Calculate Z-score in Excel
We successfully calculated the Z-score values for our whole dataset

Do note that Z-scores can be negative, positive or equal to zero. If a Z-score is below zero it suggests that a specific value is below the average, while a Z-score above zero shows that it exceeds the average. If the Z-score is zero, it means that the value is exactly the same as the mean.

Use formulas to calculate Z-score in Excel and Google Sheets

In our example, we found that the mean is 90.3667 and the standard deviation is 5.8574.

The initial number of cars sold from our dataset was 86, which yielded a Z-score of (86−90.3667)/5.8574=−0.7455. This indicates that the value “86” is -0.7455 standard deviations below the mean. Our third entry, 97 cars sold, had a Z-score of (97−90.3667)/5.8574=1.1325. This means that the value “97” is 1.1325 standard deviations above the mean.

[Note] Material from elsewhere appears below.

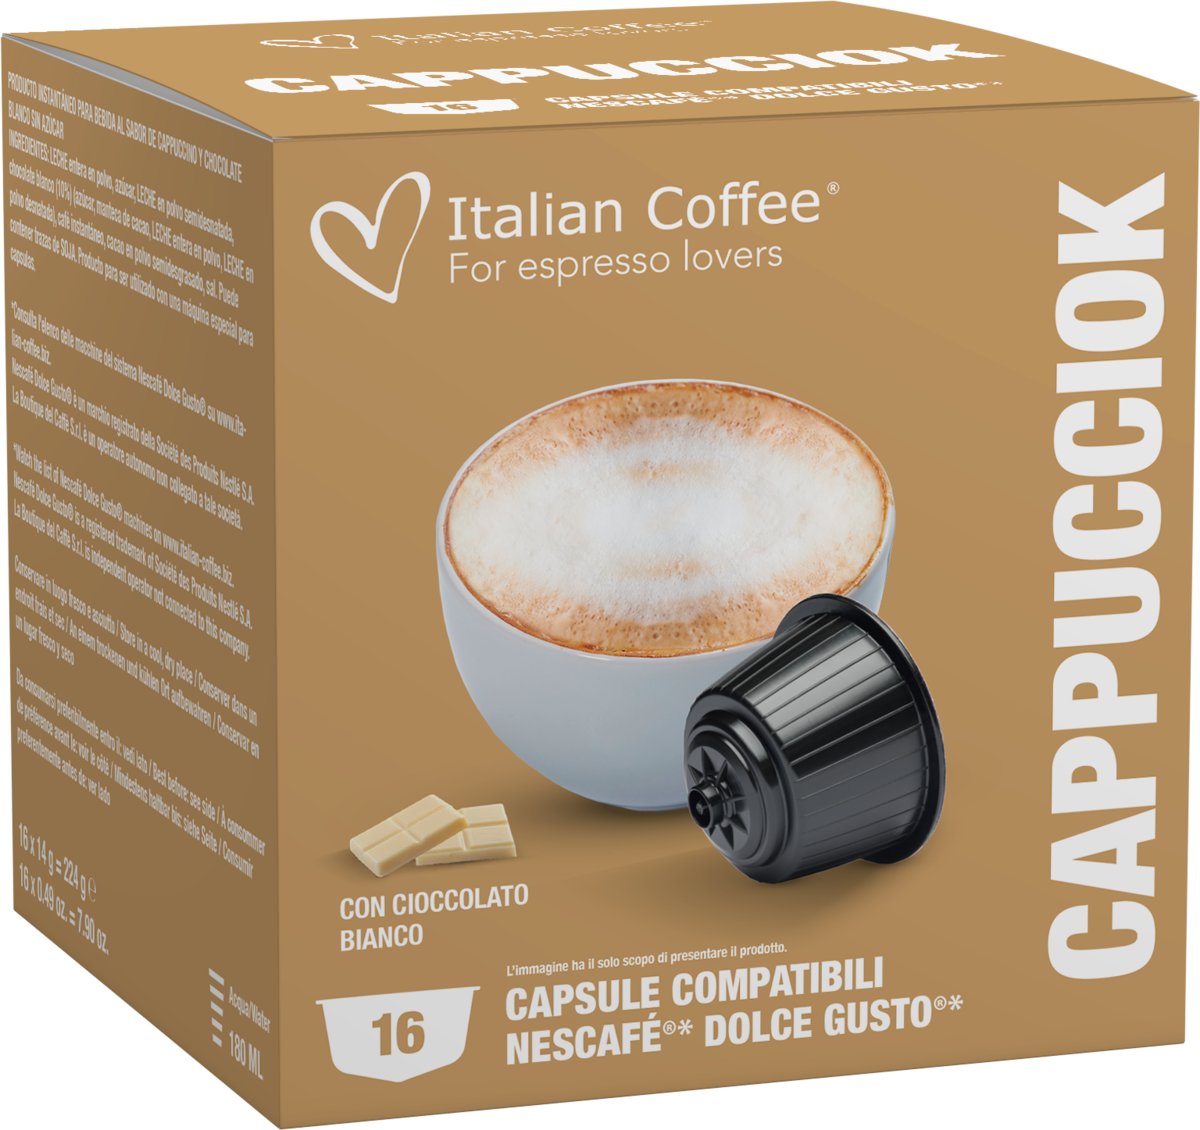 Italian Coffee Cappucciok (Cappuccino al CIOCCOLATO BIANCO) kapsułki do Dolce Gusto - 16 kapsułek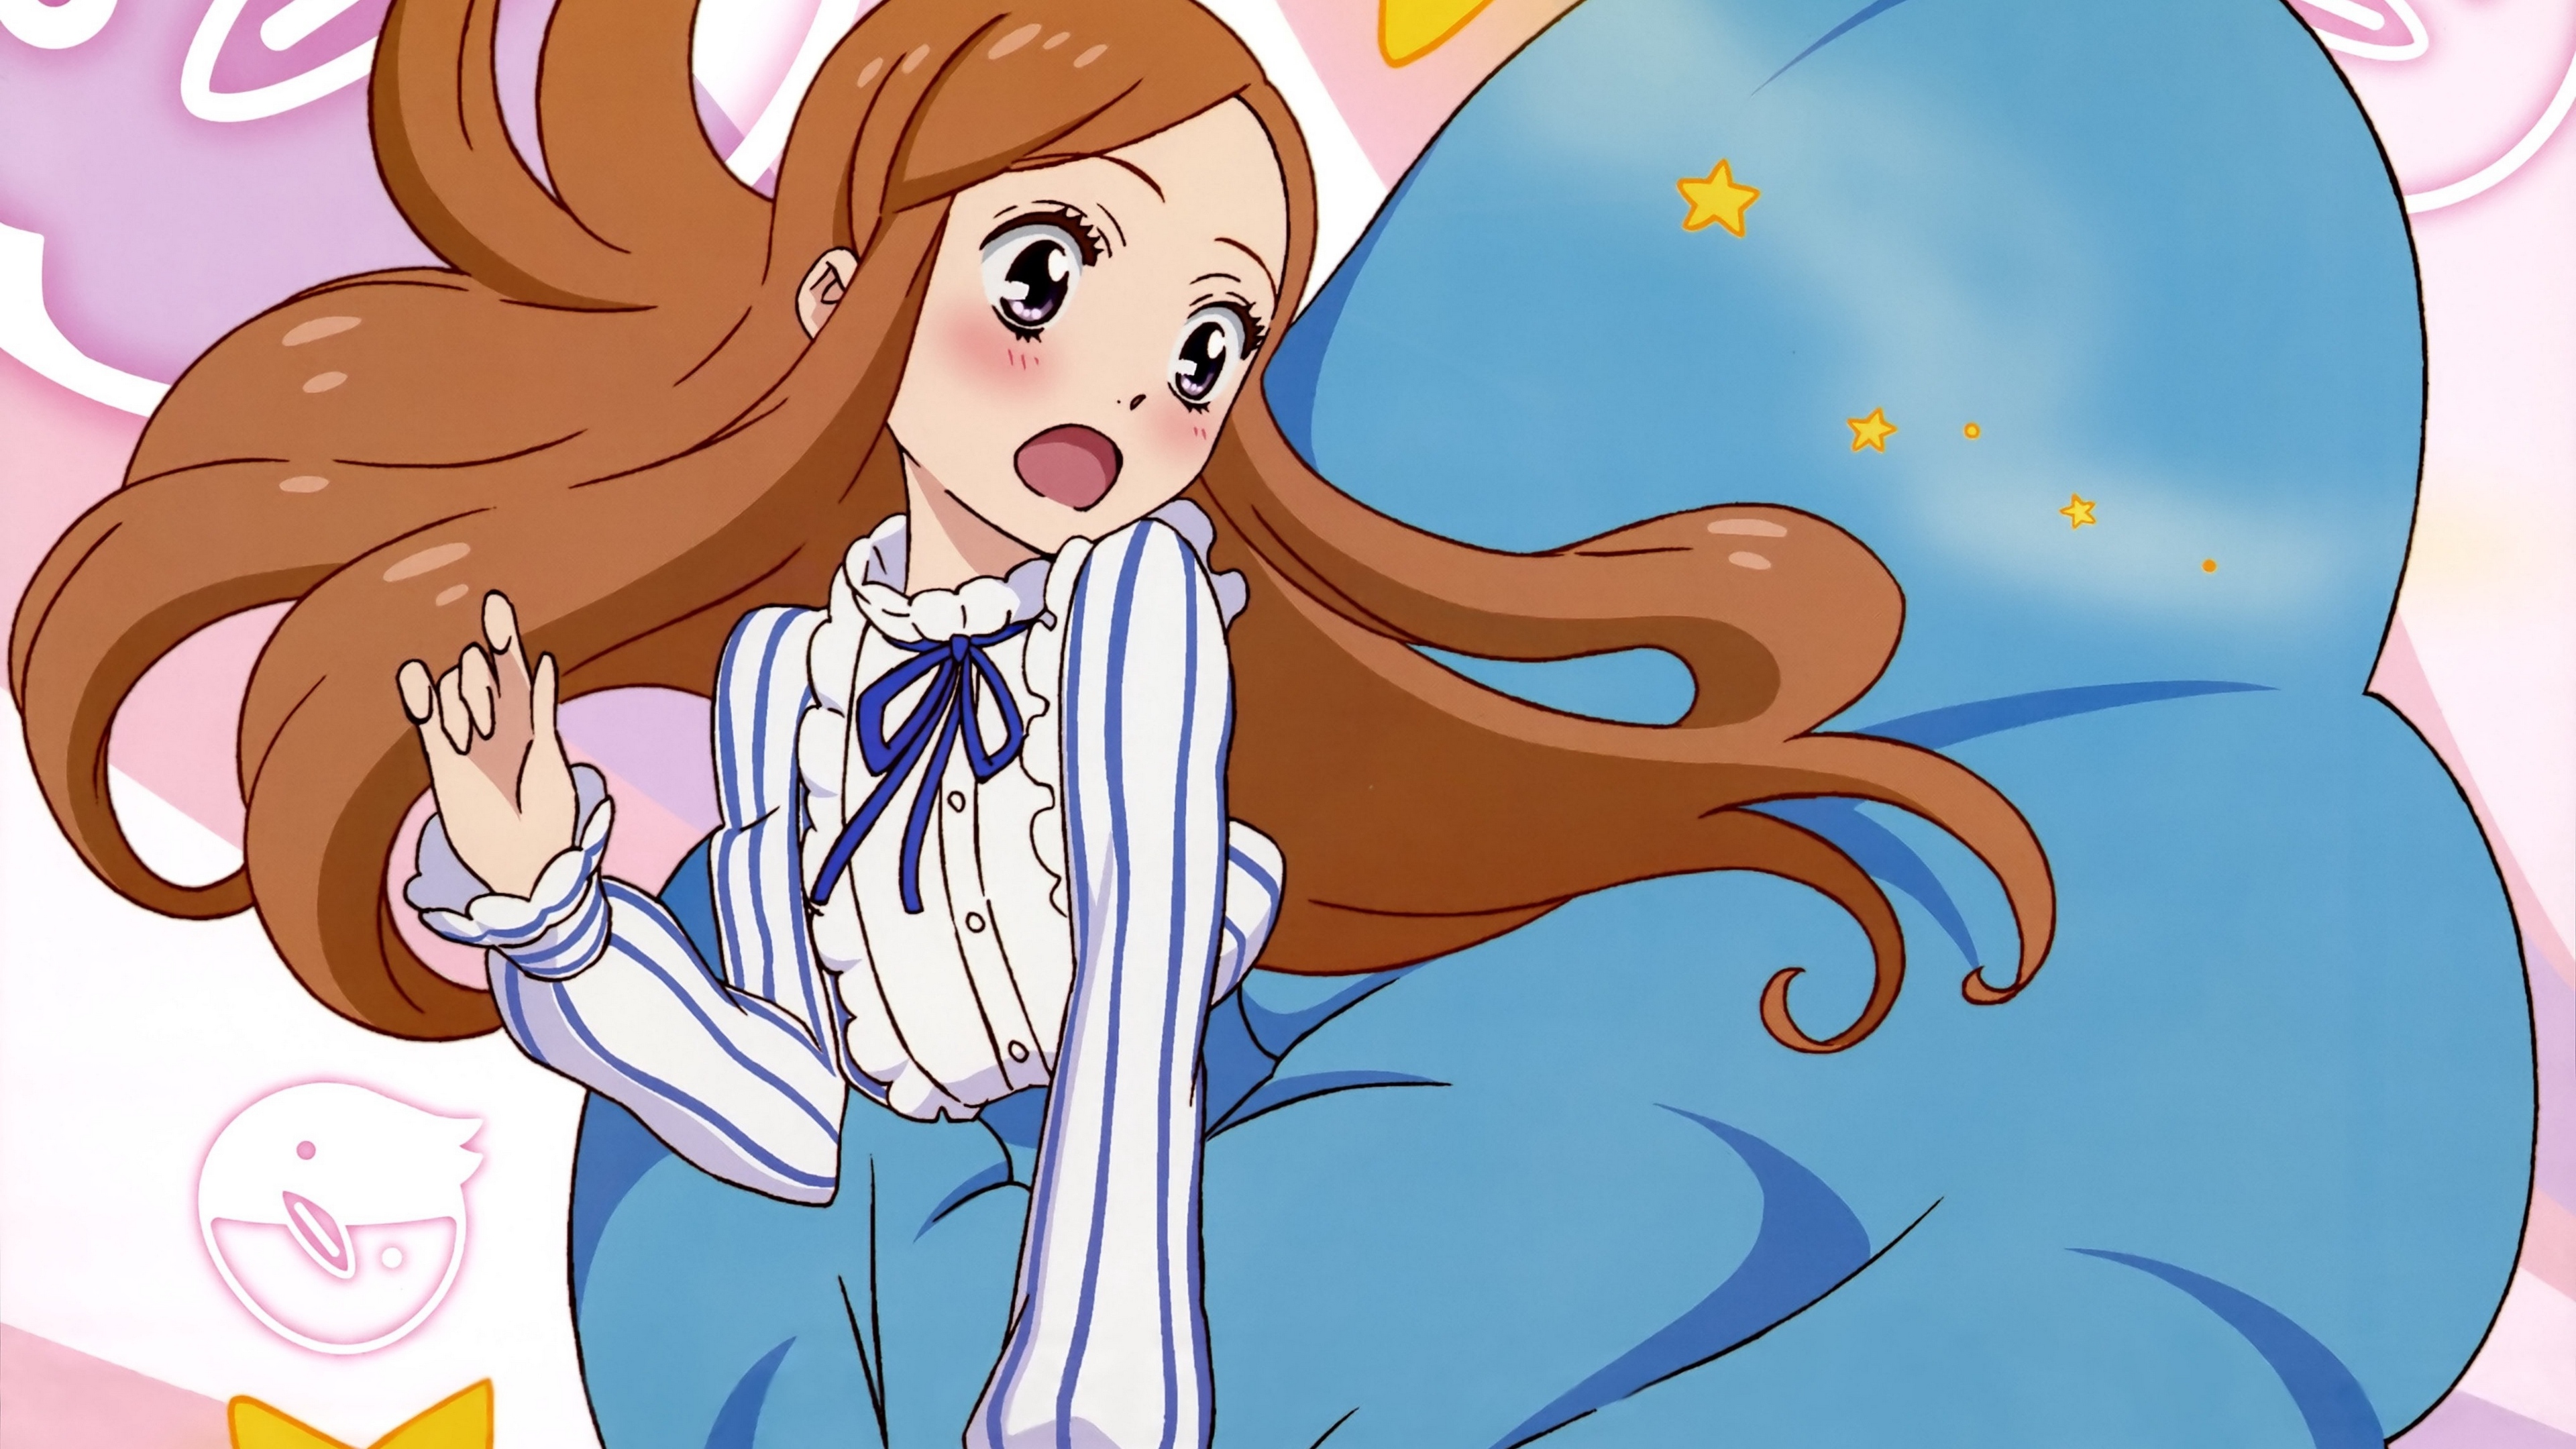 Summer Wind Anime-Girl by Jimking on DeviantArt

The distance of a value from the mean is directly proportional to the absolute value of its Z-score. For instance, the sales figure of 86 is closer to the mean (90.3667) and thus has a smaller absolute Z-score compared to the sales figure of 97, which is further from the mean and consequently has a higher positive Z-score. This demonstrates how the Z-score can reflect both the direction and the magnitude of the deviation from the mean.